(Task data Opens)

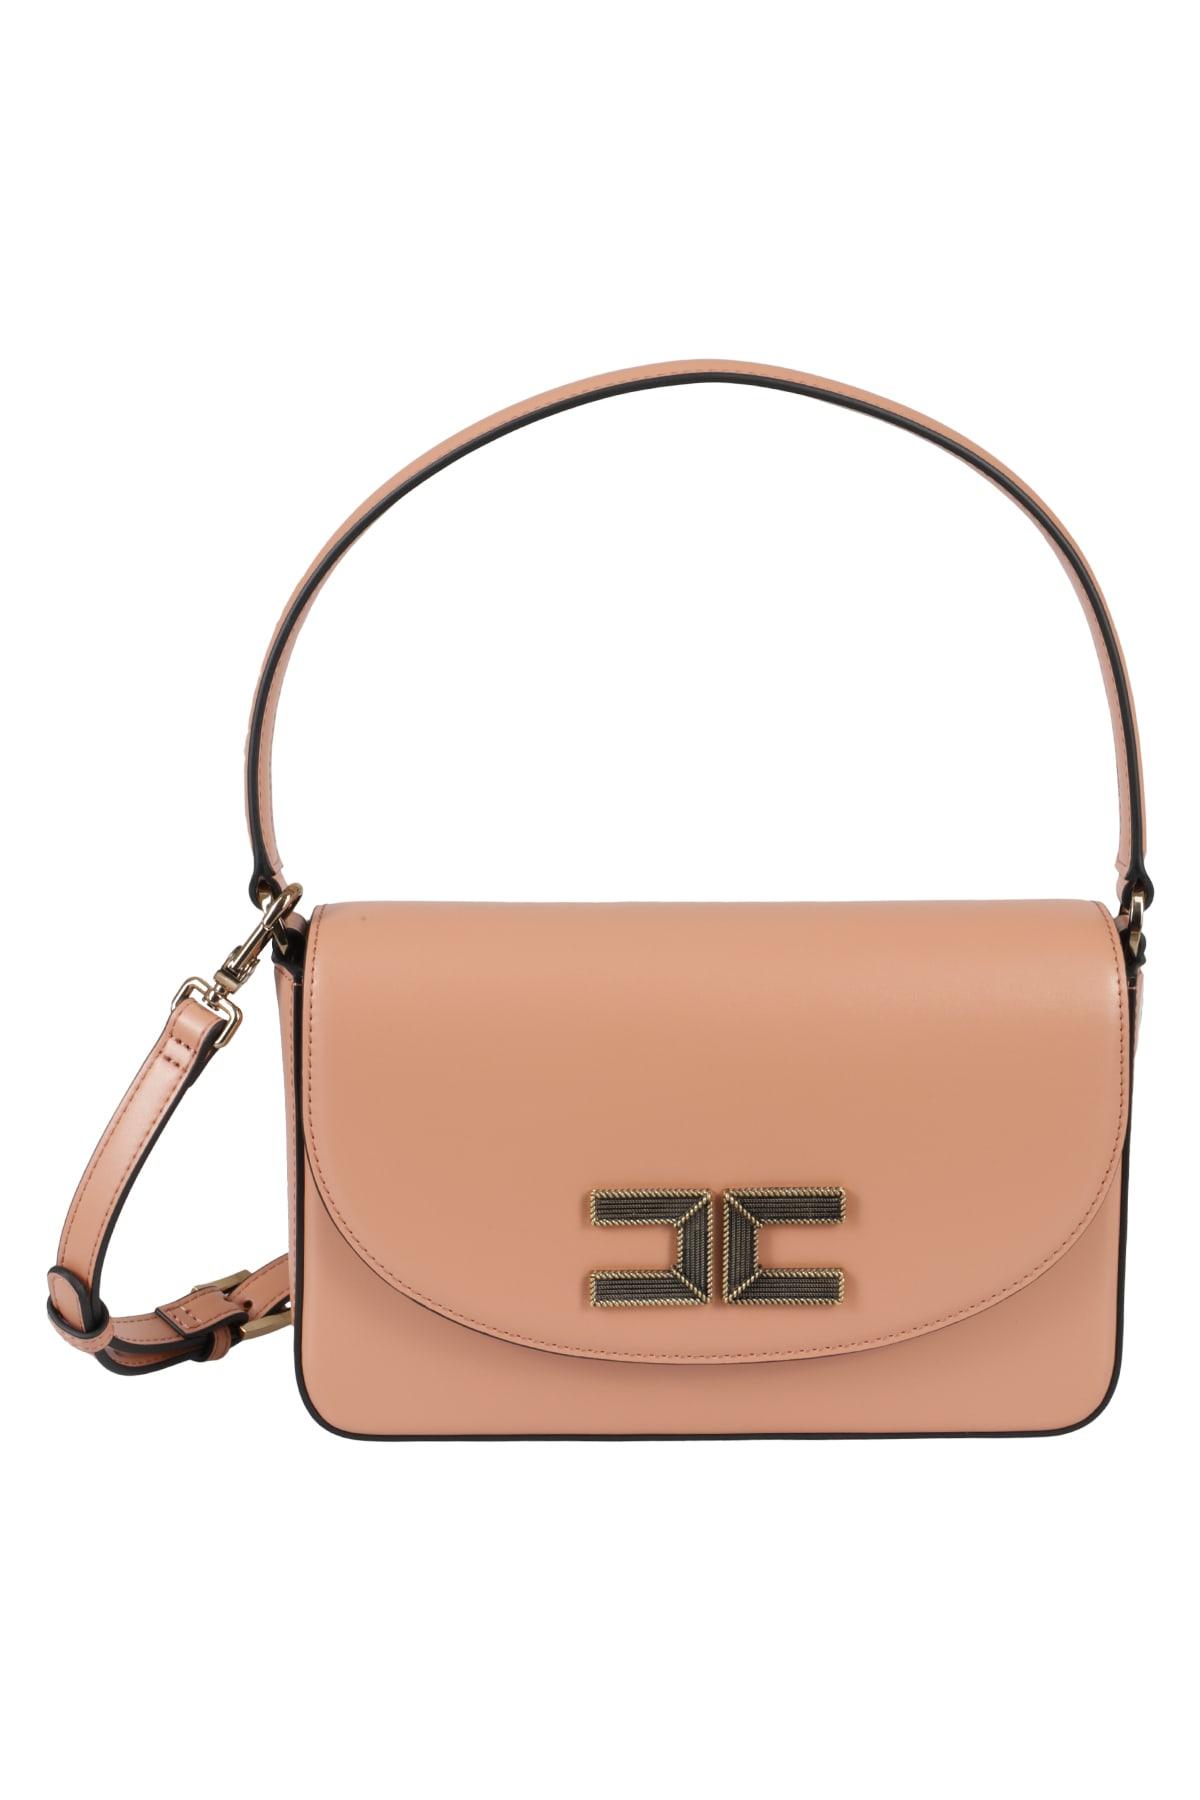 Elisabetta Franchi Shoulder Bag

(Task data Closes)
(Task data Opens)

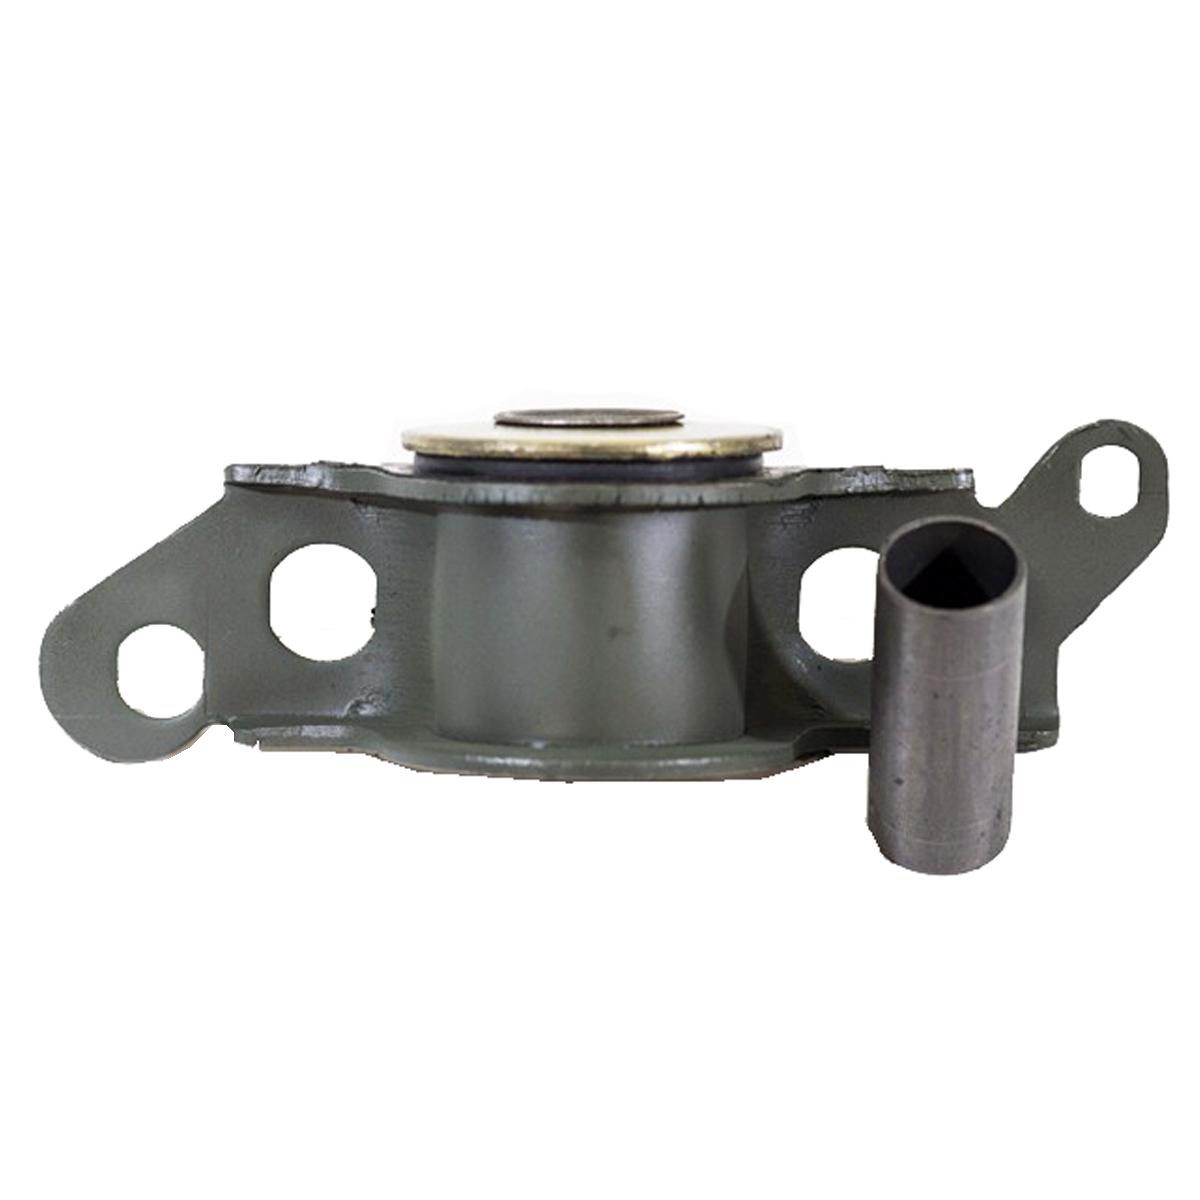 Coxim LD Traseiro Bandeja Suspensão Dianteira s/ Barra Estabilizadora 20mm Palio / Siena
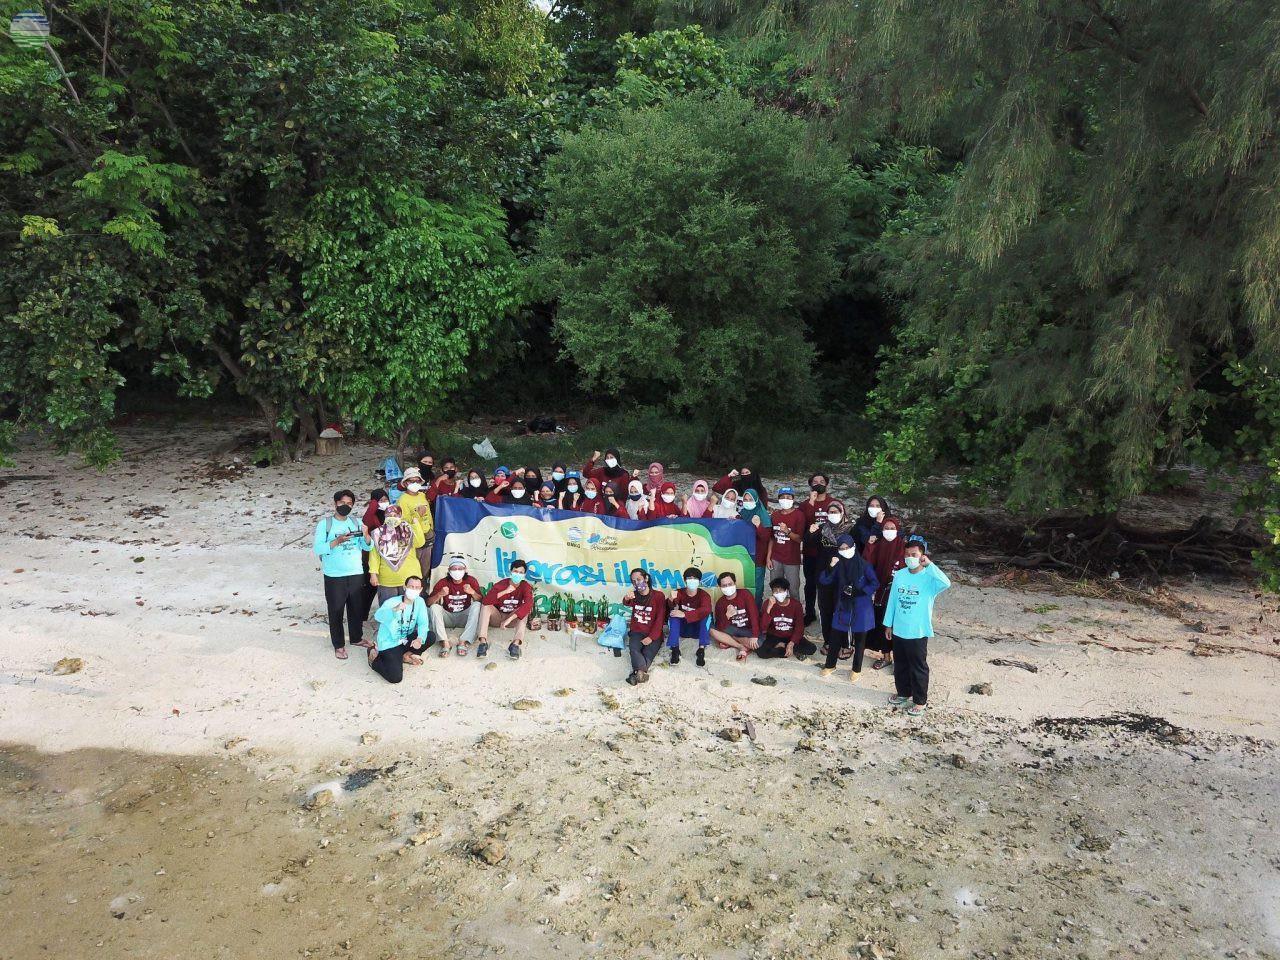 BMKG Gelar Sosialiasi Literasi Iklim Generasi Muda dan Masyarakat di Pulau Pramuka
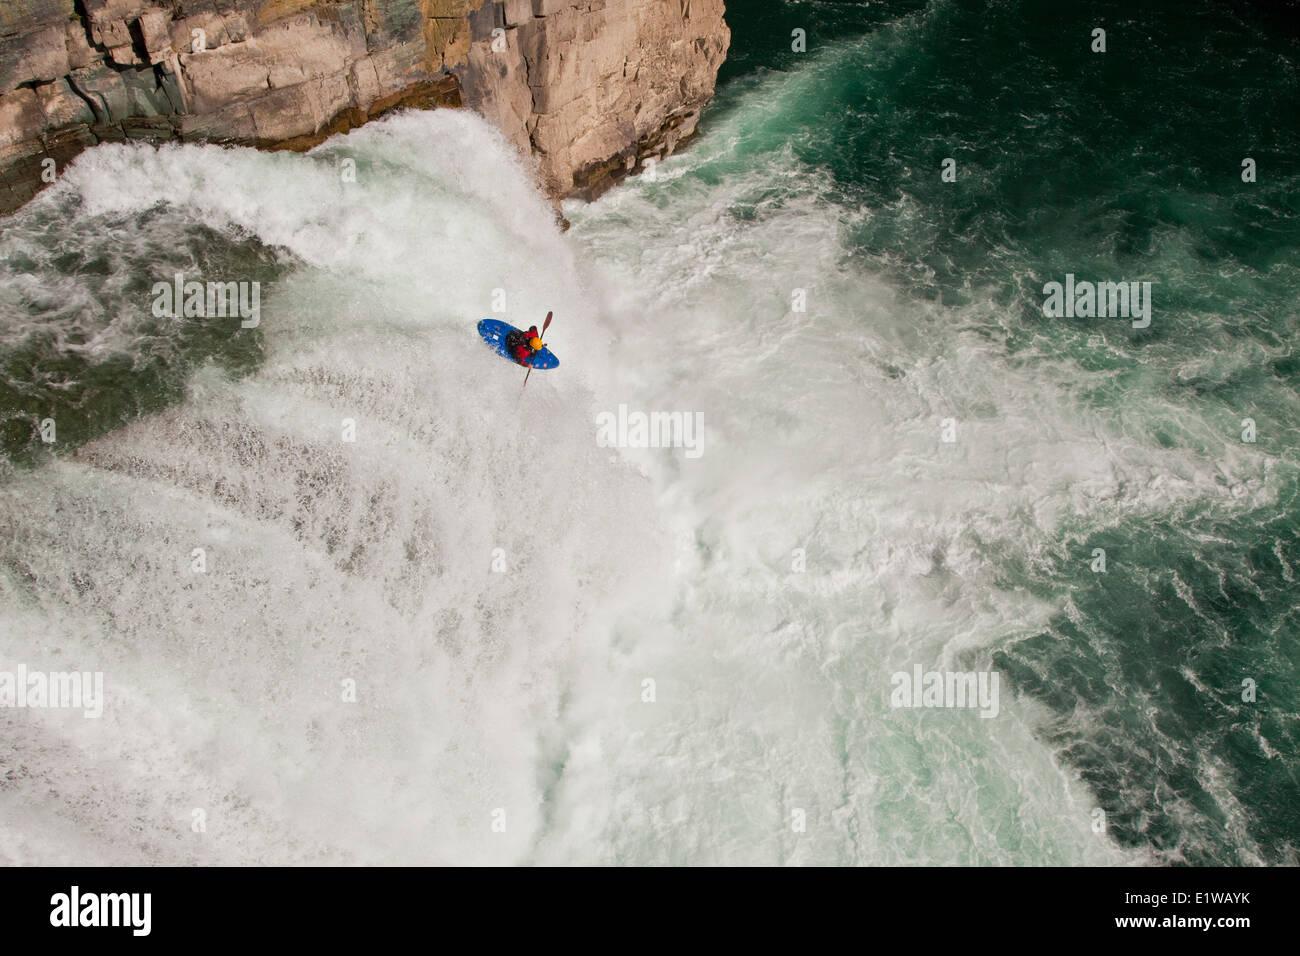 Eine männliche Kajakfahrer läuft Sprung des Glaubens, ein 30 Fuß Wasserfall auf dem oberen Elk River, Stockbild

(Task data Closes)

• _The problem_: When copying from the data above, begin at the line containing "Coxim LD Traseiro" and end at the line containing "Eine männliche Kajakfahrer"; return those lines exactly and leave all pictures behind.

• _Solution_:
 Coxim LD Traseiro Bandeja Suspensão Dianteira s/ Barra Estabilizadora 20mm Palio / Siena
 BMKG Gelar Sosialiasi Literasi Iklim Generasi Muda dan Masyarakat di Pulau Pramuka
 Eine männliche Kajakfahrer läuft Sprung des Glaubens, ein 30 Fuß Wasserfall auf dem oberen Elk River, Stockbild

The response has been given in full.